● **Supplied material**
▼▼▼

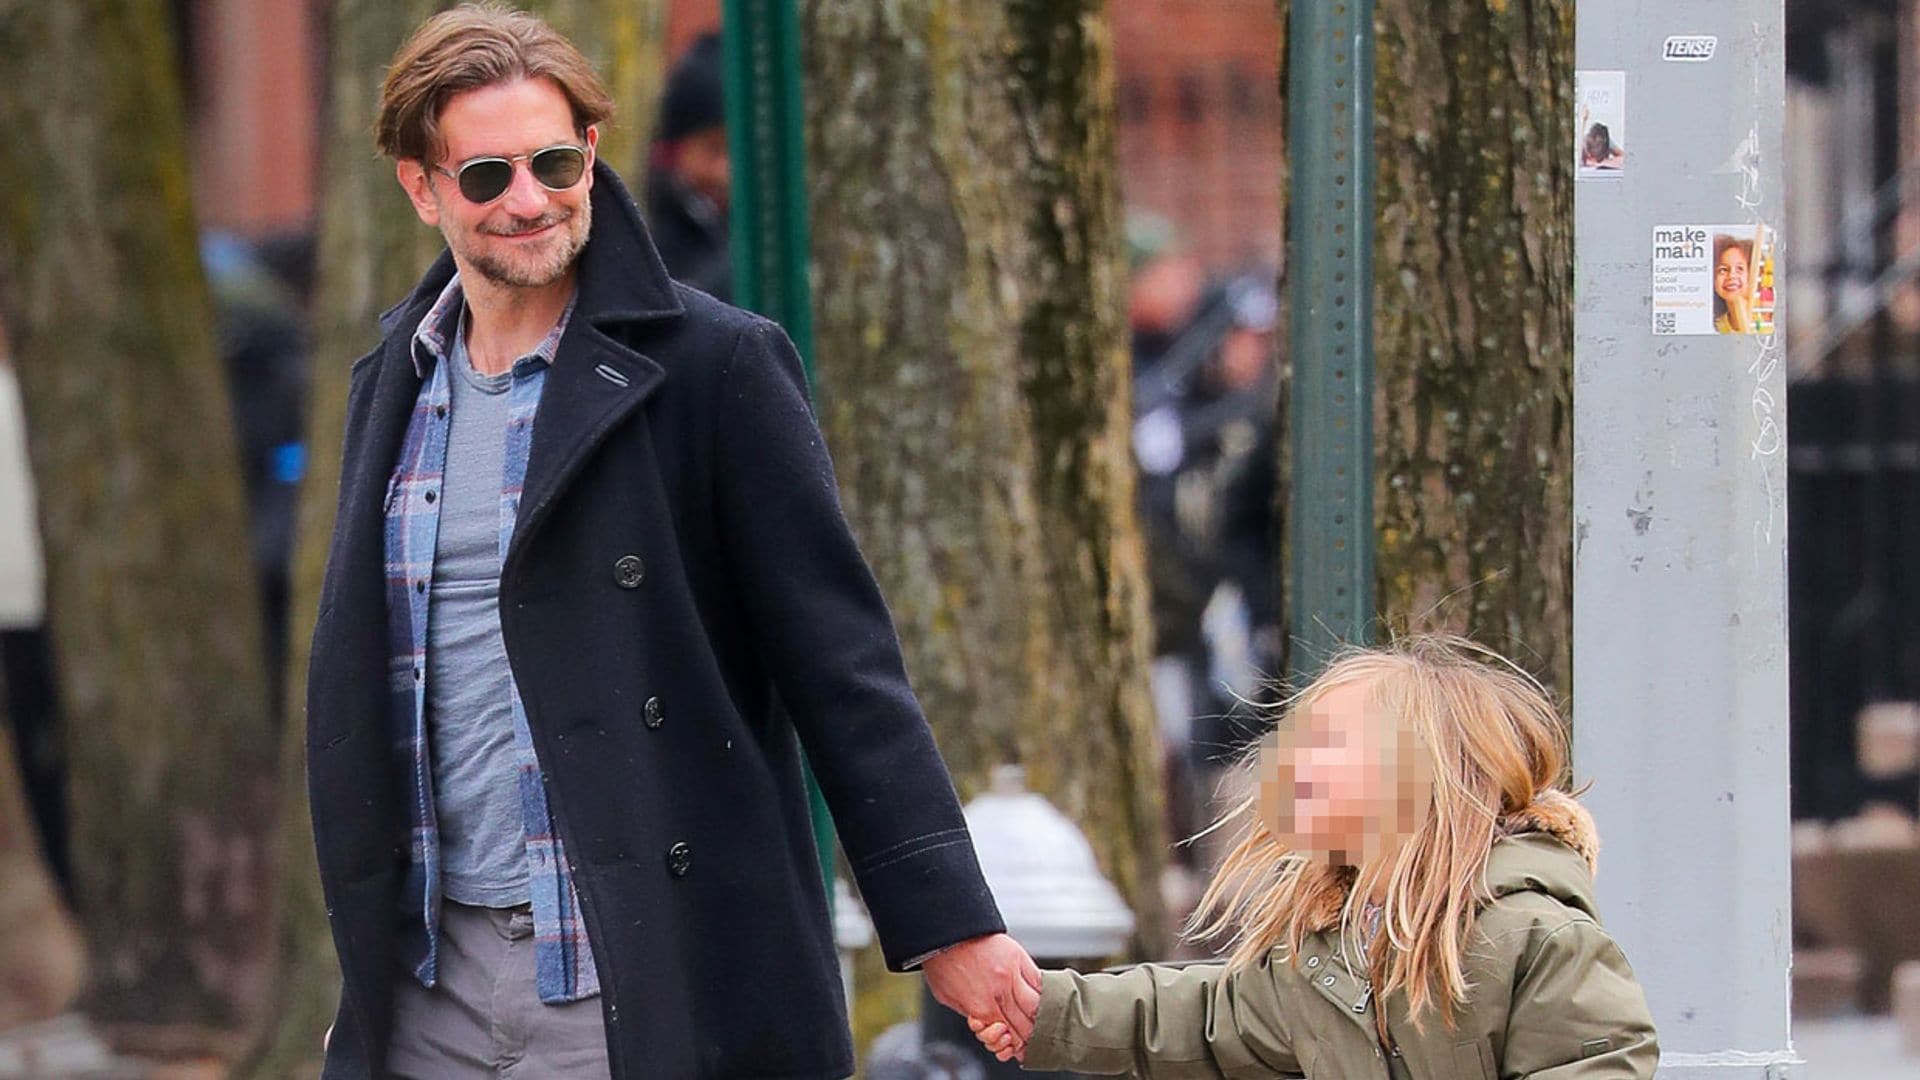 ¡La sonrisa le delata! Bradley Cooper disfruta de un animado paseo por Nueva York junto a su hija Lea
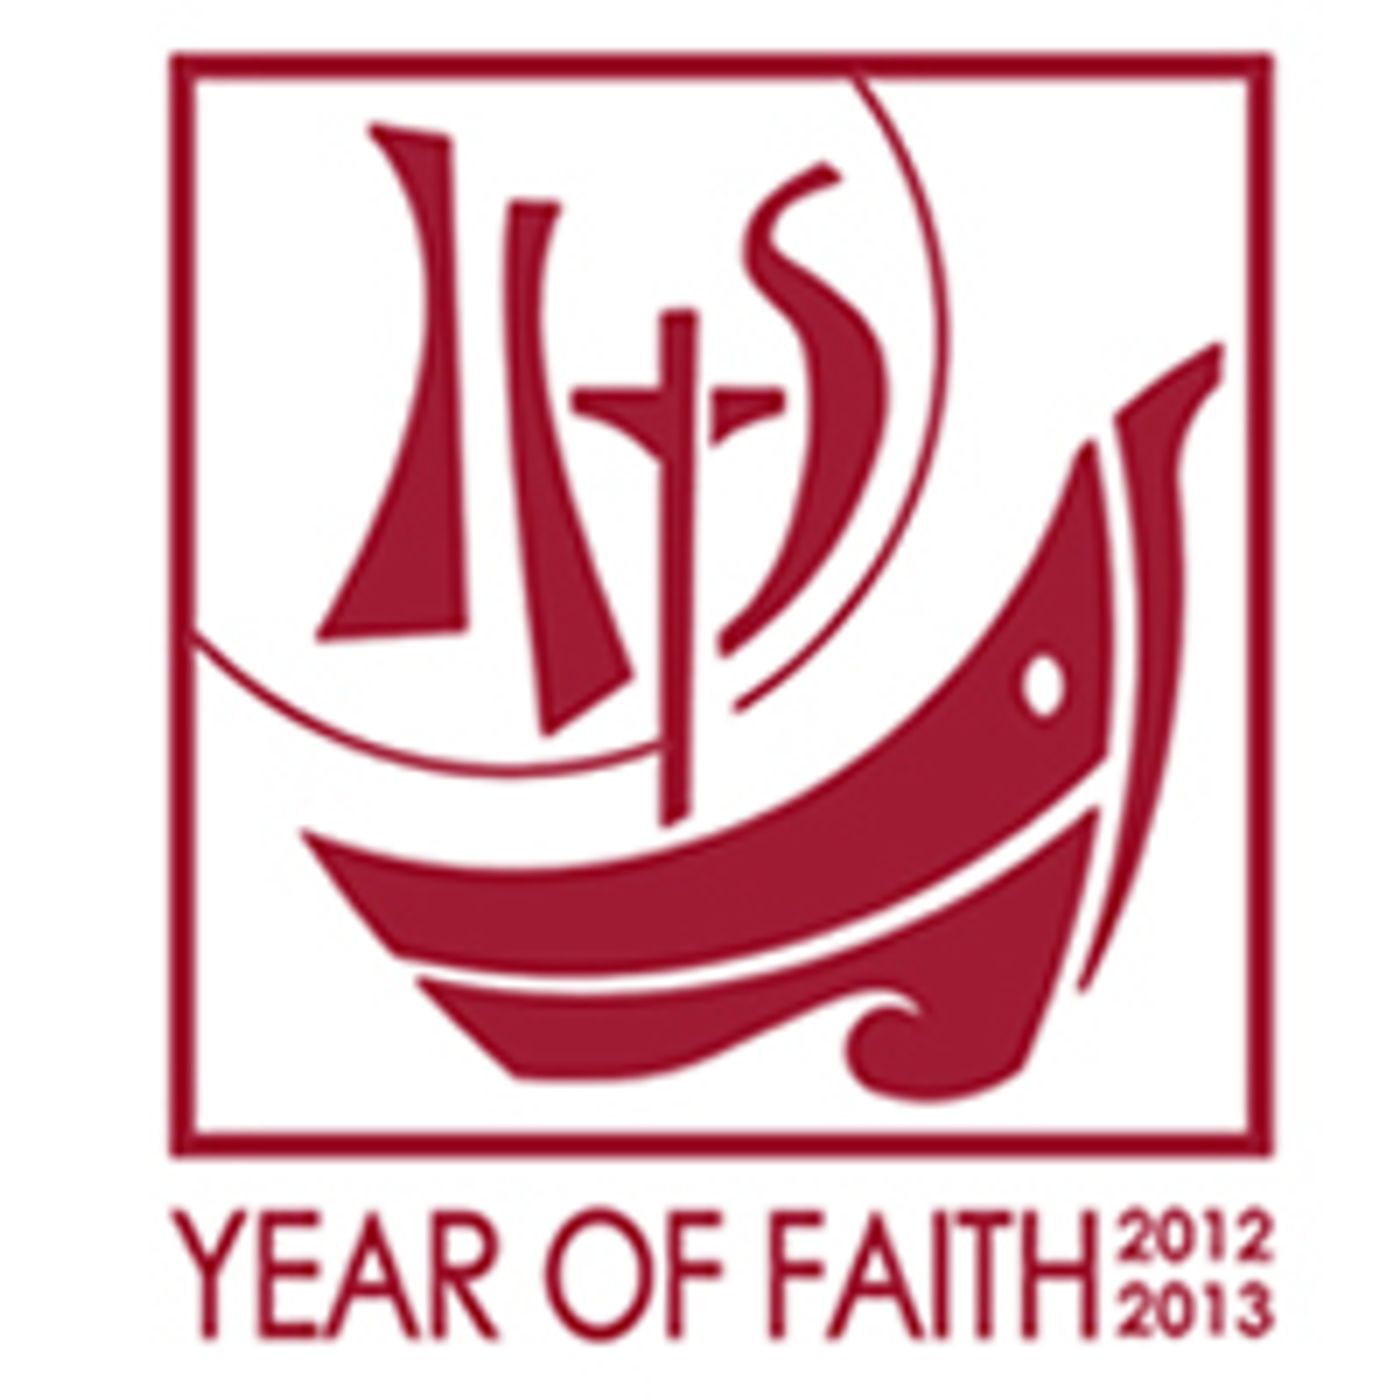 Year of Faith
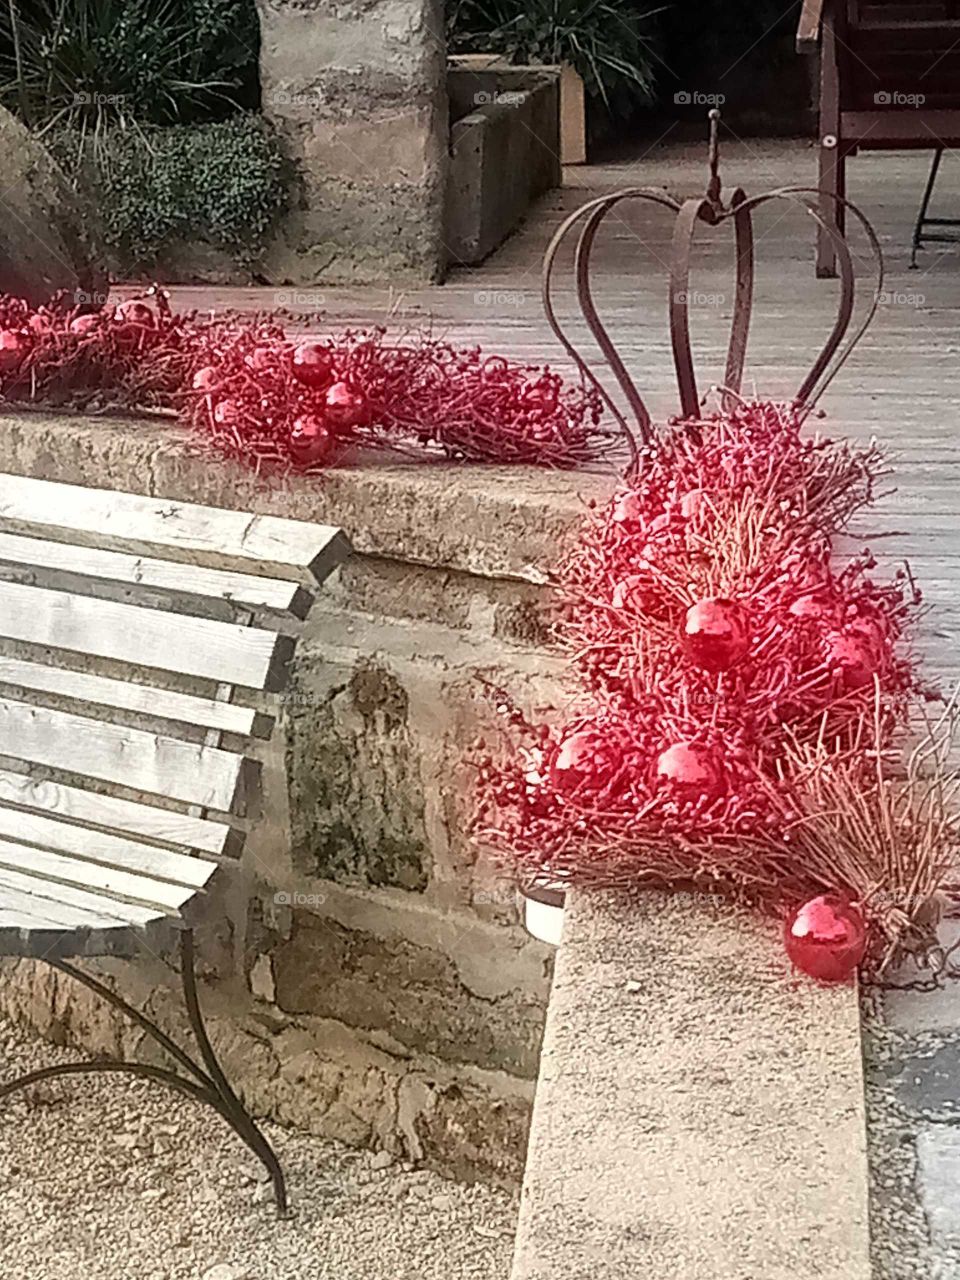 Weihnachts Deco ohne großen Schnickschnack,die Farbe Rose' der Kugeln beruhigend und edel

▲▲▲

● **Task prompt**
Output the listing above exactly, pictures omitted.

● **Worked solution**
 ¡La sonrisa le delata! Bradley Cooper disfruta de un animado paseo por Nueva York junto a su hija Lea
 Year of Faith
 Weihnachts Deco ohne großen Schnickschnack,die Farbe Rose' der Kugeln beruhigend und edel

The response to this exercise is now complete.